Dukungan dari Pihak Eksternal
Sementara itu, Sekretaris Jenderal Serikat Sarjana Muslim Indonesia, Hendra Paletteri, menilai langkah TNI dalam menangani kasus ini menunjukkan profesionalisme dan keterbukaan dalam proses hukum. Menurut Hendra, TNI dinilai mampu menuntaskan rangkaian penyelidikan dan penyidikan dalam waktu kurang dari satu bulan hingga pelimpahan berkas perkara ke Oditurat Militer. "Ini bentuk keterbukaan dan keprofesionalan TNI. Prosesnya cepat, terukur, dan tetap berada di jalur hukum yang benar," ujar Hendra dalam keterangannya pada Minggu, 12 April 2026.
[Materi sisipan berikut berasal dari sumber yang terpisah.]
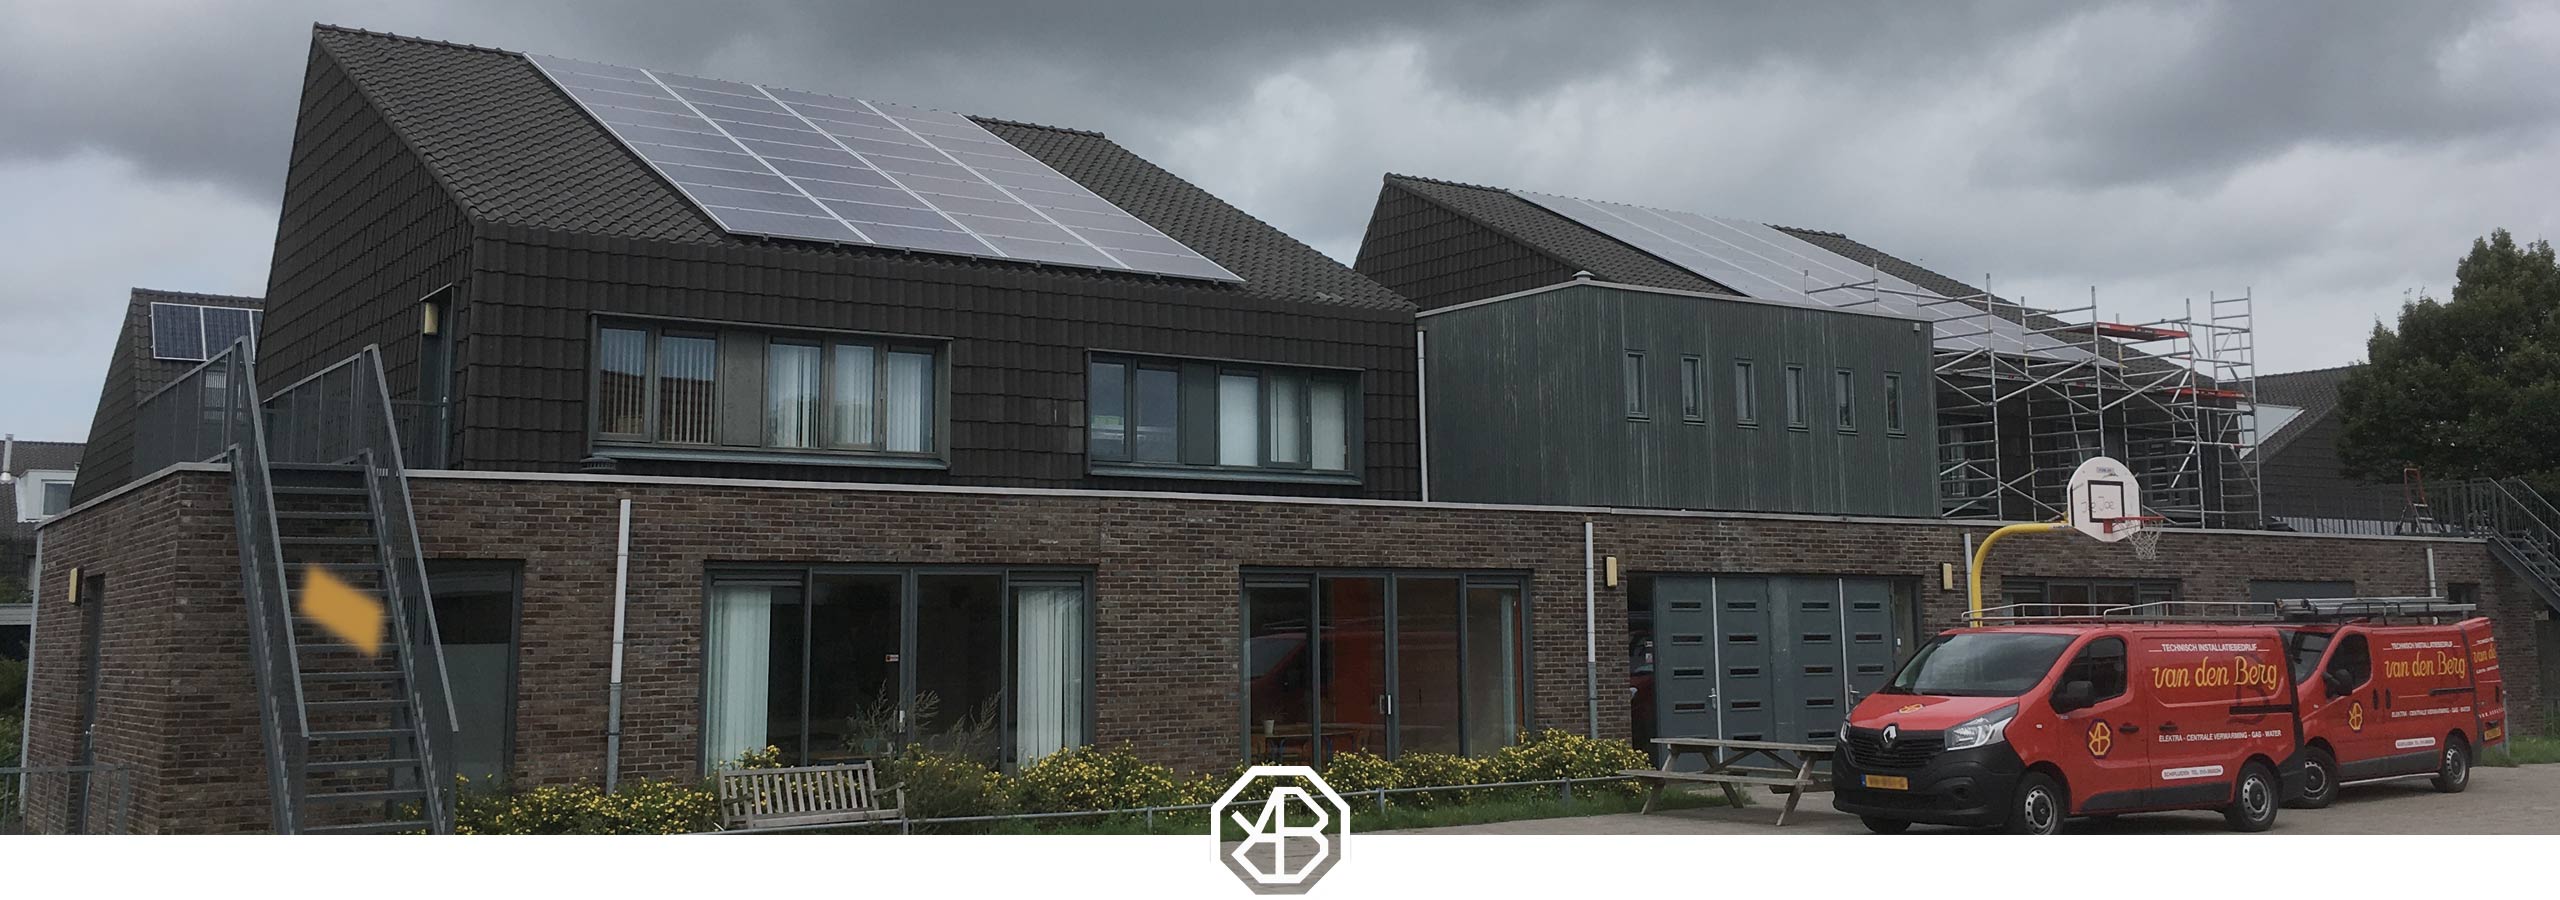 van-den-berg-webdesign-slides-2019-duurzaam-zonnepanelen-1

Ia juga menyoroti adanya pihak-pihak yang dinilai berupaya memengaruhi opini publik terkait kasus tersebut, mulai dari kelompok LSM hingga figur publik di media sosial. Namun, ia menegaskan TNI tetap konsisten menjalankan proses hukum. "Meski banyak LSM, selebgram, hingga ahli-ahli dadakan yang terkesan mencoba mengaburkan dan mengintervensi arah penyelidikan, TNI tetap on the track menuntaskan kasus ini," katanya.
Ajakan untuk Masyarakat
Hendra mengajak masyarakat untuk mempercayakan proses hukum kepada TNI dan mengawal jalannya persidangan secara objektif. Ia juga mengingatkan agar publik tidak mudah terpengaruh narasi yang berpotensi ditunggangi kepentingan tertentu. "Kita percayakan pada TNI dan kawal prosesnya. Jangan terpengaruh pihak tertentu yang punya kepentingan asing. Kecepatan penanganan ini penting agar kasus tidak ditunggangi untuk tujuan tertentu di ruang publik, bahkan sampai memunculkan isu-isu seperti kekacauan atau impeachment," tegasnya.
Dengan demikian, proses hukum kasus Andrie Yunus terus berjalan dengan dukungan dari berbagai pihak, menegaskan komitmen TNI dalam penegakan hukum yang transparan dan sesuai dengan peraturan perundang-undangan yang berlaku.